The book provides a fascinating visual documentation of the film studio while simultaneously reflecting changes in marketing promotion (and gimmickry), shifts in public tastes, and a considerable diversity in artistic styles.
From the fifties, where the posters reflect Hammer's burgeoning reputation for the innovative, lurid and shocking, through to the seventies where the imagery is increasingly 'sexed up' with buxom beauties and ever-grislier threats, all bases are covered, and many of the posters will still inspire readers to check out the films for themselves.

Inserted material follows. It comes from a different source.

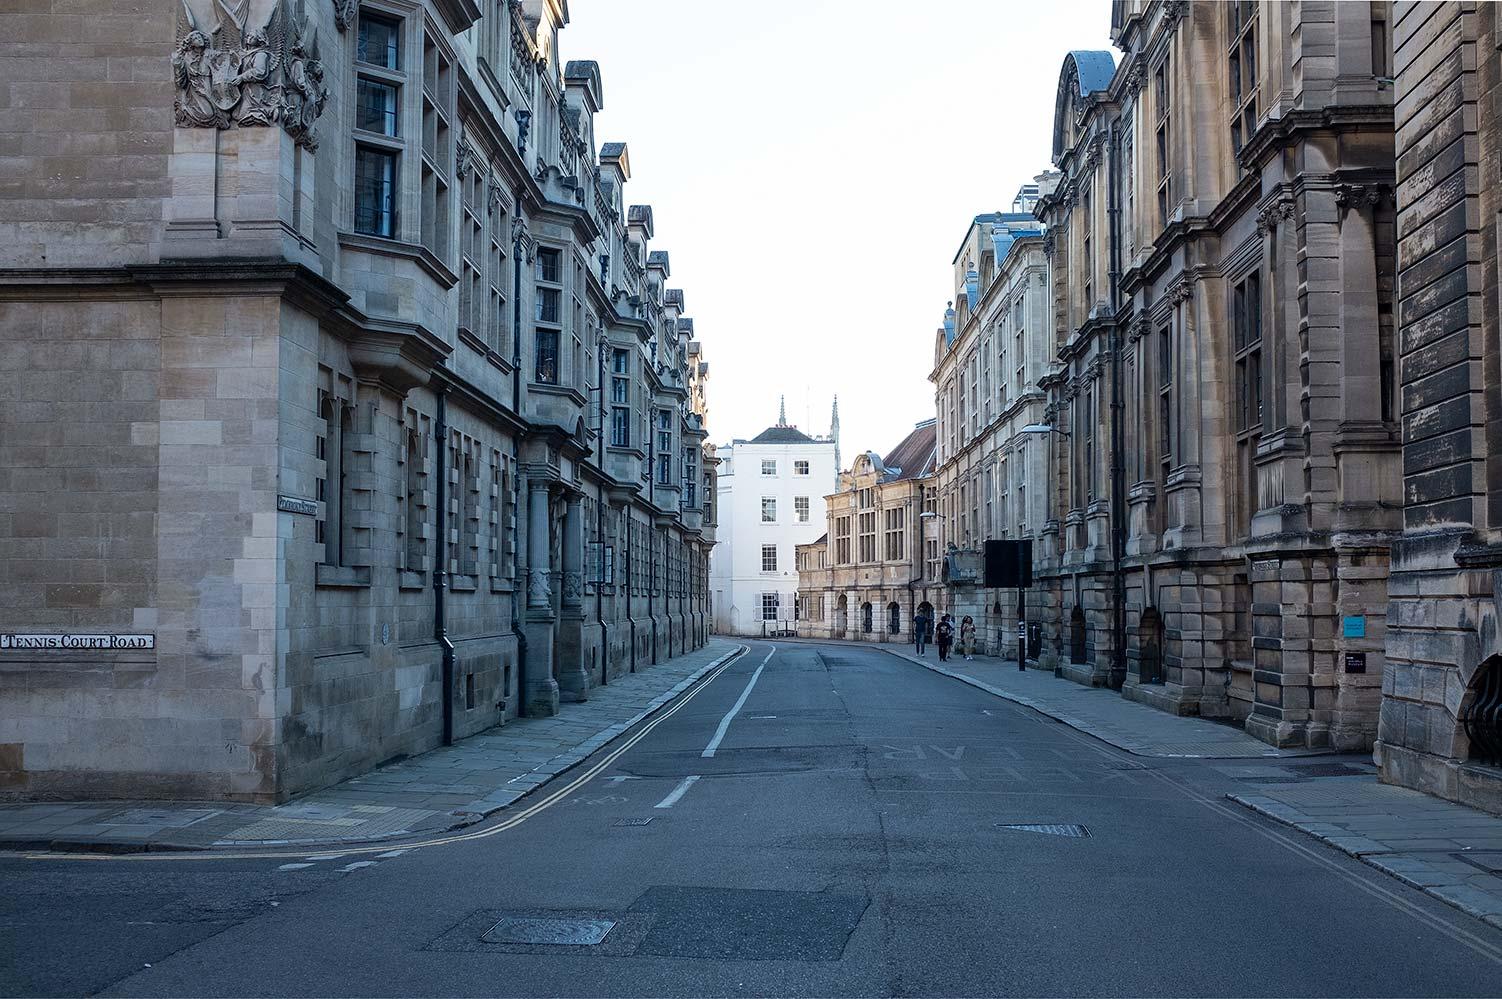 Downing Street Cambridge, UK

Often intriguing are the more obscure images for Hammer's (perhaps neglected) psychological thrillers, from the US poster for Taste of Fear/ Scream of Fear (clearly inspired by Hitchcock's ground-breaking promotion for Psycho) to Crescendo and The Anniversary. And always curious are Polish and Japanese variants - for Poland's One Milion Years B.C. a cartoon dinosaur chomps on a caveman, taking the place of the iconic image of Raquel Welch in her fur bikini. Worth noting too that 'The House of Horror's' repertoire wasn't limited to that genre - thus a gurning Blakey from the movie version of On the Buses nestles up against the sexually threatening Hands of the Ripper.

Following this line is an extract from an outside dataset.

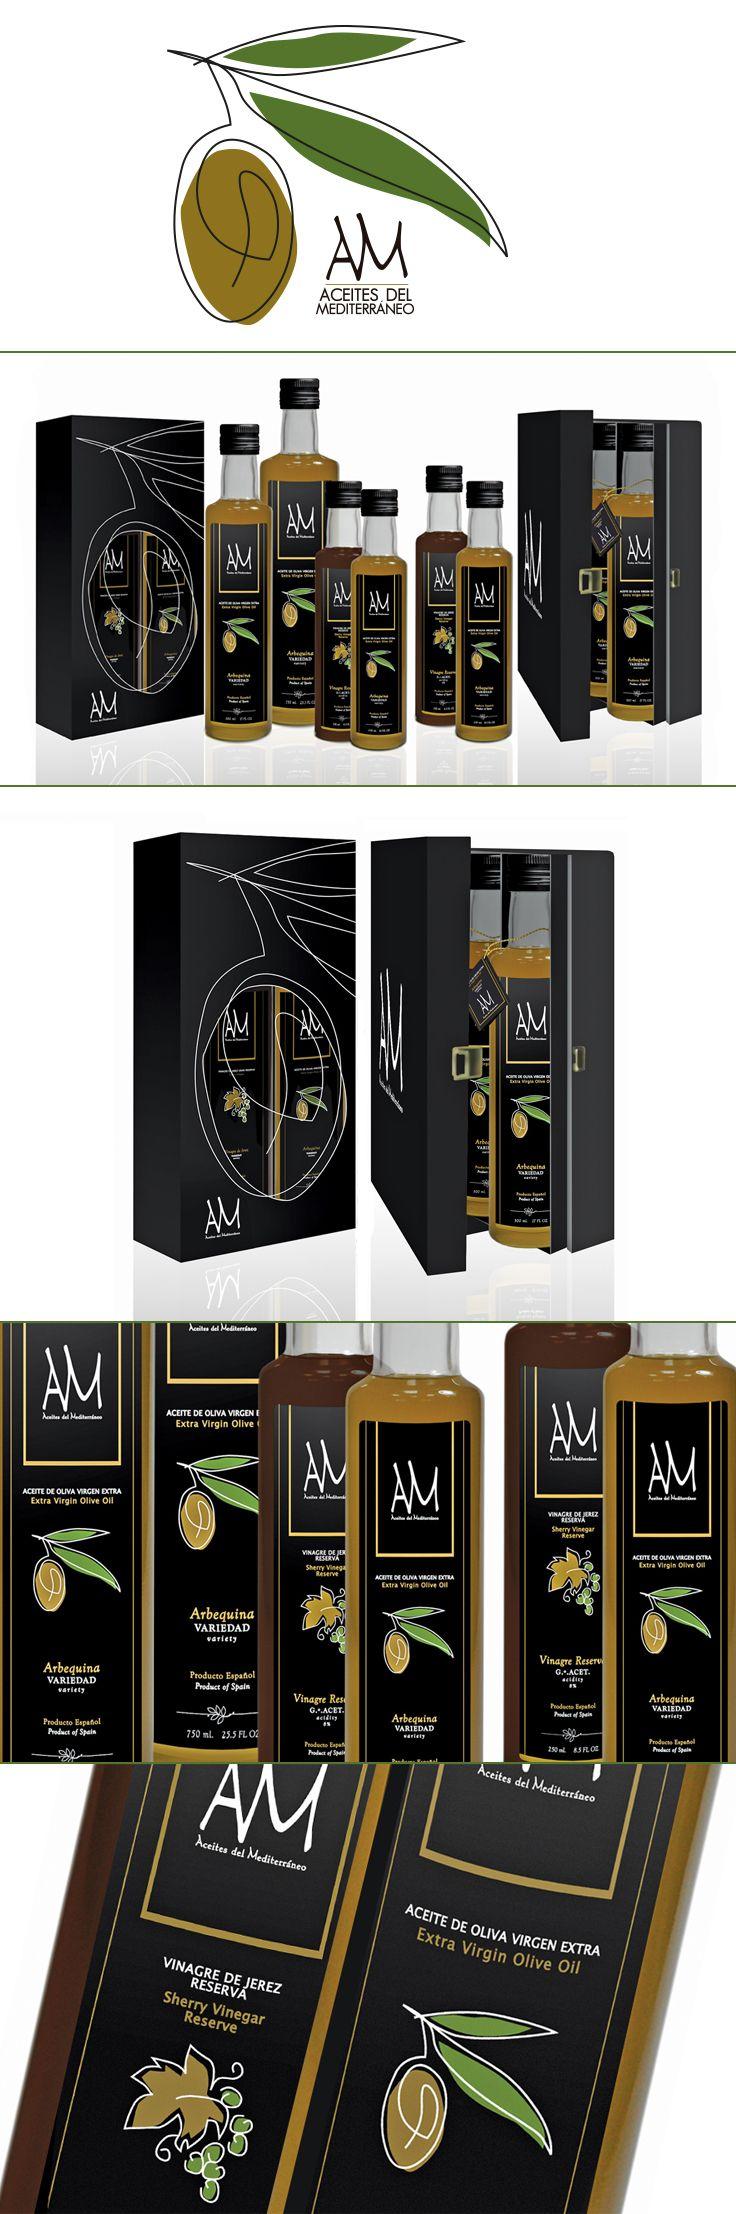 Diseño para las botellas y packaging de Aceites del Mediterráneo - Designed by LeBranders. handsome #oliveoil #packaging PD

There's much artwork and imagination here to satisfy both poster collectors and fans of the studio, plus some dramatic, bold and plain silly promotions. For the 'space western' Moon Zero Two (a film apparently coupled with The Bugs Bunny Show) we are enticed by the sight of 'the fabulous Go-Jos dancing on the moon' (Kubrick singularly failed to realise such visual opportunities in the previous year's 2001); audience members are promised their own beards to sport during screenings of Rasputin - The Mad Monk; while Dracula A.D. 1972 proclaims 'The Count is back, with an eye for London's hotpants... and a taste for everything'. (The stunning Italian variation of the poster for the latter film - the book's cover - fascinatingly re-casts Lee's Dracula as an anti-heroic Bond figure.)
Highlights, in other words, are numerous and need to be seen on the printed page. Where else can you witness 'White hot terror! Cold, clammy fear!', 'The terrifying lover - who dies - yet lived!', and - most fittingly - 'The greatest blood-show on earth!'?